TASK [matrix-synapse : Fail if Matrix Client API not working] ******************************************
fatal: [matrix.domain.tld]: FAILED! => {"changed": false, "msg": "Failed checking Matrix Client API is up at `matrix.domain.tld` (checked endpoint: `https://matrix.domain.tld/_matrix/client/versions`). Is Synapse running? Is port 443 open in your firewall? Full error: {'redirected': False, 'url': 'https://matrix.domain.tld/_matrix/client/versions', 'status': 502, 'server': 'nginx', 'date': 'Wed, 13 Jan 2021 04:37:54 GMT', 'content_type': 'text/html', 'content_length': '150', 'connection': 'close', 'elapsed': 1, 'changed': False, 'failed': True, 'msg': 'Status code was 502 and not [200]: HTTP Error 502: Bad Gateway'}"}

Nginx reports the following on https://matrix.domain.tld:8448.
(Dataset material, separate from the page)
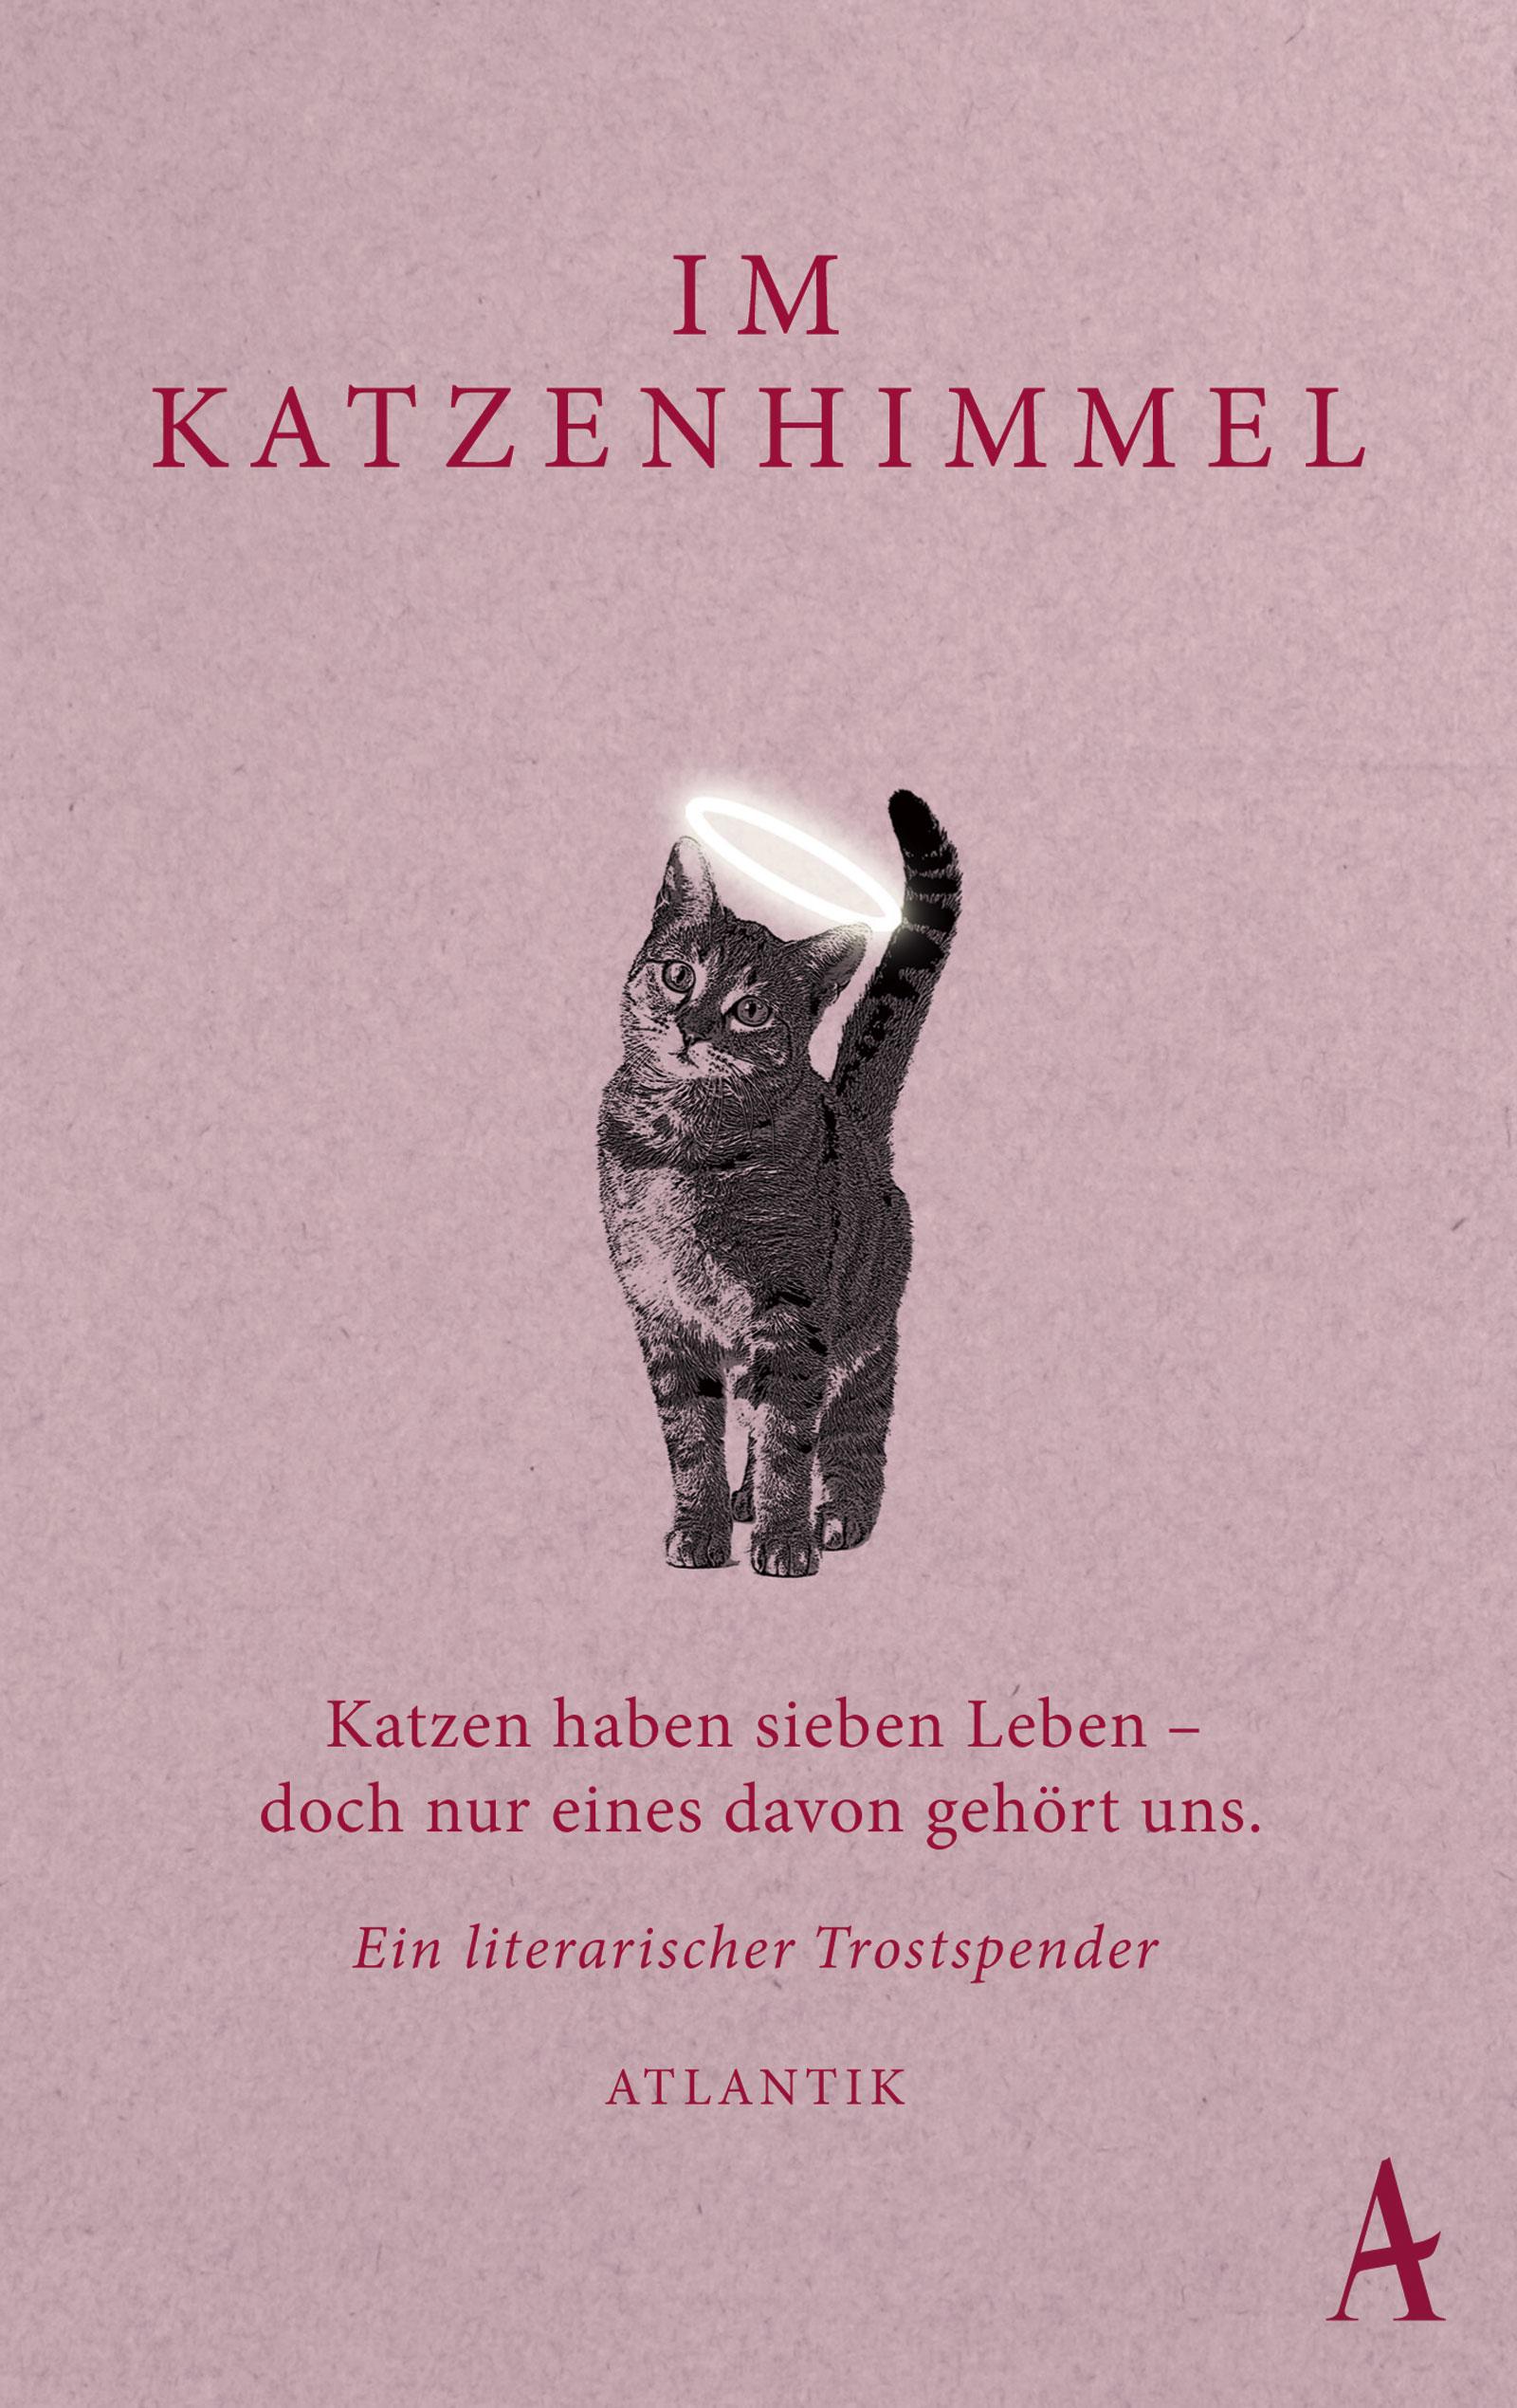 Im Katzenhimmel: Katzen haben sieben Leben - doch nur eines davon gehört uns - Ein literarischer Trostspender
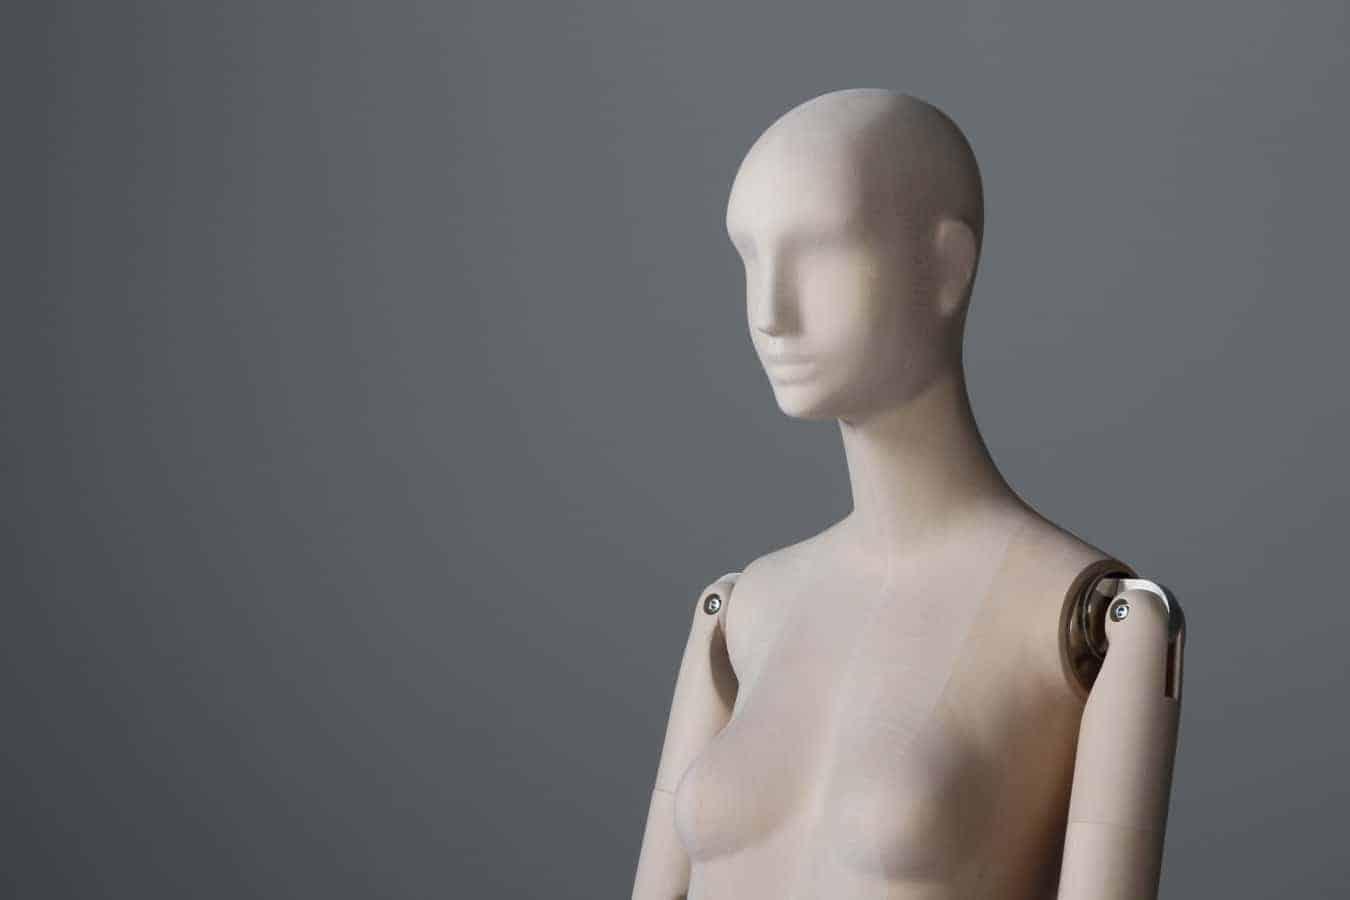 La Galerie Louis Vuitton - Bespoke Schläppi Mannequins

2021/01/13 00:09:00 [error] 338700#338700: *90 recv() failed (104: Connection reset by peer) while reading response header from upstream, client: ip.ad.dr.ess, server: matrix.domain.tld, request: "GET / HTTP/2.0", upstream: "http://127.0.0.1:8048/", host: "matrix.domain.tld:8448"

Nginx reports the following on https://element.domain.tld

2021/01/13 00:12:39 [error] 338700#338700: *155 recv() failed (104: Connection reset by peer) while reading response header from upstream, client: ip.ad.dr.ess, server: matrix.domain.tld, request: "GET /_matrix/client/versions HTTP/2.0", upstream: "http://127.0.0.1:8008/_matrix/client/versions", host: "matrix.domain.tld"
2021/01/13 00:12:40 [error] 338700#338700: *155 recv() failed (104: Connection reset by peer) while reading response header from upstream, client: ip.ad.dr.ess, server: matrix.domain.tld, request: "GET /_matrix/client/versions HTTP/2.0", upstream: "http://127.0.0.1:8008/_matrix/client/versions", host: "matrix.domain.tld"
2021/01/13 00:12:42 [error] 338700#338700: *155 recv() failed (104: Connection reset by peer) while reading response header from upstream, client: ip.ad.dr.ess, server: matrix.domain.tld, request: "GET /_matrix/client/r0/login HTTP/2.0", upstream: "http://127.0.0.1:8008/_matrix/client/r0/login", host: "matrix.domain.tld"

Federationtester logs the following Nginx error.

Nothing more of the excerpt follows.